Sur les conclusions à fin d’injonction sous astreinte :
Ainsi qu’il a été dit au point 1, postérieurement à l’introduction de la requête, Mme A… s’est vu remettre une attestation de prolongation d’instruction valable jusqu’au 19 avril 2026. Il y a seulement lieu d’enjoindre au préfet de la Seine-Saint-Denis de procéder, au plus tard avant l’expiration de ce document de séjour, au réexamen de la demande de la requérante. Il n’y a pas lieu d’assortir cette injonction d’une astreinte.
Sur les frais liés au litige :
Mme A… a été provisoirement admise au bénéfice de l’aide juridictionnelle. Par suite, son avocate peut se prévaloir des dispositions de l’article 37 de la loi du 10 juillet 1991 et de l’article L. 761-1 du code de justice administrative. Il y a lieu, dans les circonstances de l’espèce, de mettre à la charge de l’Etat une somme de 800 euros, qui sera versée à Me Arrom sous réserve de sa renonciation à percevoir la somme correspondant à la part contributive de l’Etat. Dans le cas où l’aide juridictionnelle ne serait pas accordée par le bureau d’aide juridictionnelle, cette même somme sera versée à Mme A… en application des dispositions de l’article L. 761-1 du code de justice administrative.
O R D O N N E :
Article 1er : Mme A… est admise au bénéfice de l’aide juridictionnelle provisoire.
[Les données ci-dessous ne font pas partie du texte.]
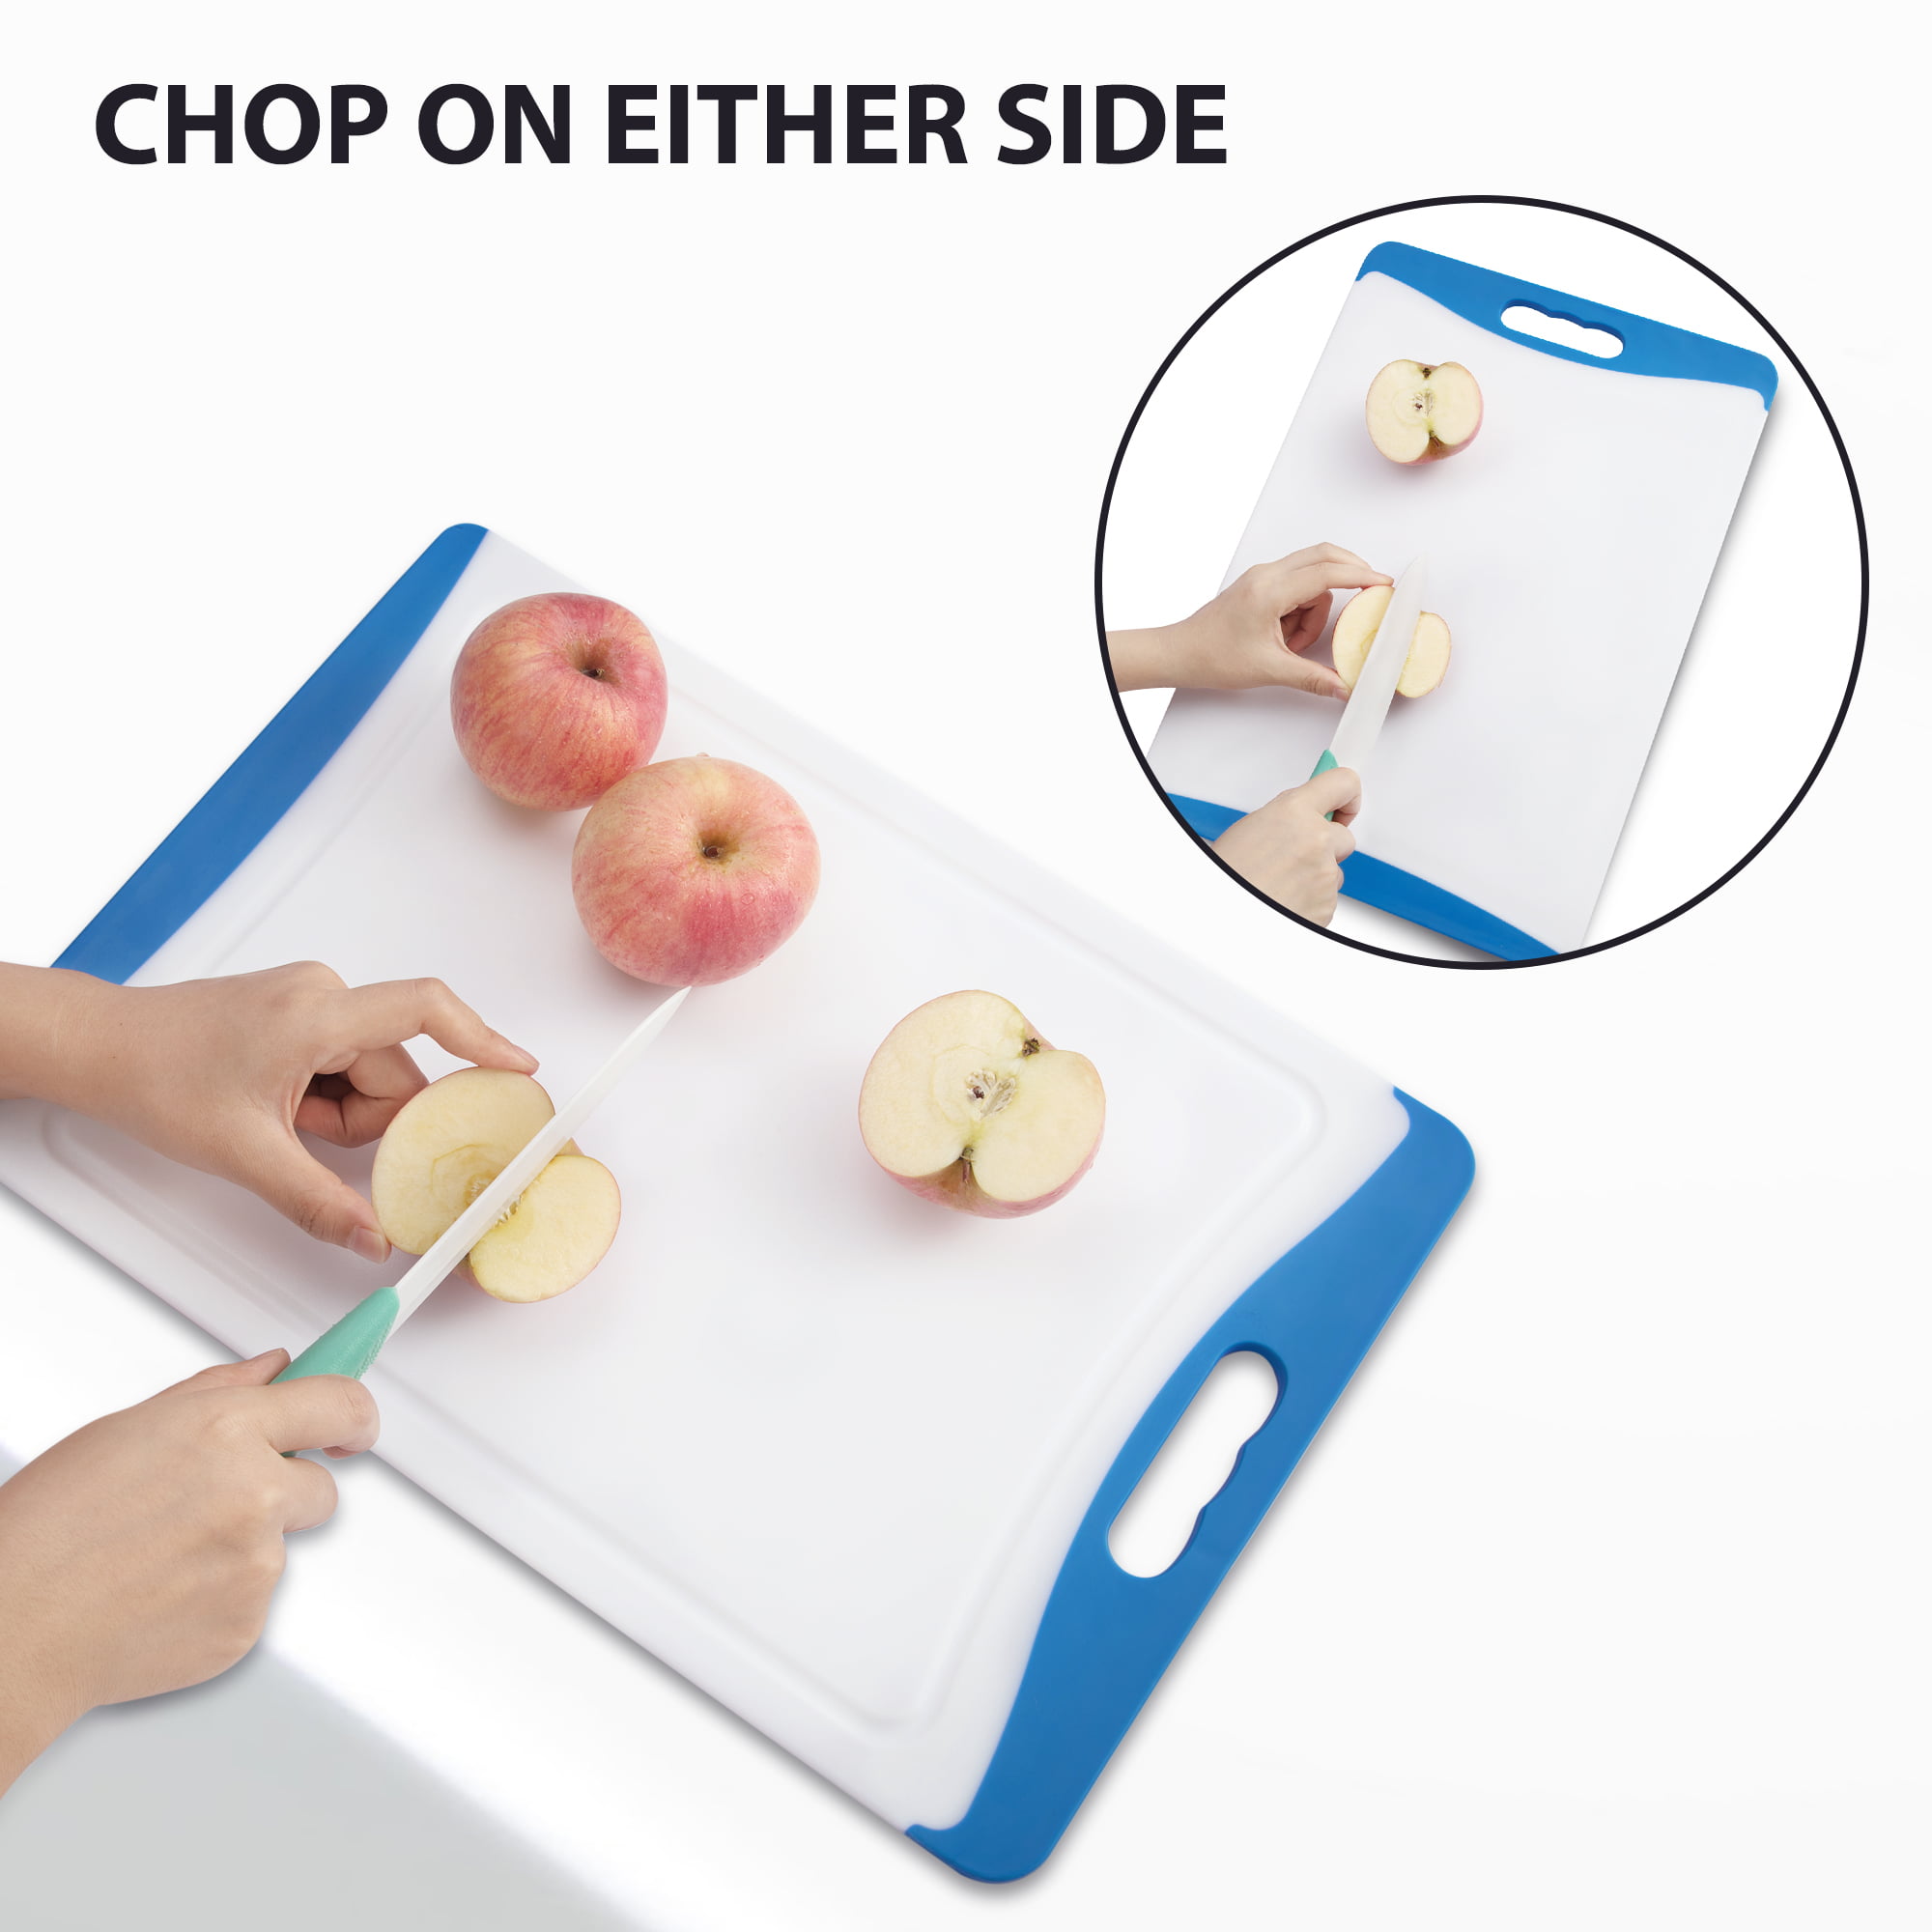 Cibeat Extra Large Cutting Board, Dishwasher Safe Chopping Boards with Juice Grooves and Easy Grip Handle, BPA Free, 3 Pieces Plastic Cutting Board

Article 2 : L’exécution de la décision implicite née le 9 septembre 2025 par laquelle le préfet de la Seine-Saint-Denis a rejeté la demande de renouvellement de titre de séjour de Mme A… est suspendue.
Article 3 : L’Etat versera à Me Arrom une somme de 800 euros en application des dispositions du deuxième alinéa de l’article 37 de la loi du 10 juillet 1991 et de l’article L. 761-1 du code de justice administrative, sous réserve que celle-ci renonce à percevoir la somme correspondant à la part contributive de l’Etat. Dans le cas où l’aide juridictionnelle ne serait pas accordée par le bureau d’aide juridictionnelle, cette même somme sera versée à Mme A… en application des dispositions de l’article L. 761-1 du code de justice administrative.
Article 4 : Le surplus des conclusions de la requête est rejeté.
Article 5 : La présente ordonnance sera notifiée à Mme B… A…, à Me Arrom et au ministre de l’intérieur.
Copie en sera adressée au préfet de la Seine-Saint-Denis.
Fait à Montreuil, le 22 janvier 2026.
Le juge des référés,
T. Breton
La République mande et ordonne au ministre de l’intérieur en ce qui le concerne ou à tous commissaires de justice à ce requis en ce qui concerne les voies de droit commun contre les parties privées, de pourvoir à l’exécution de la présente décision.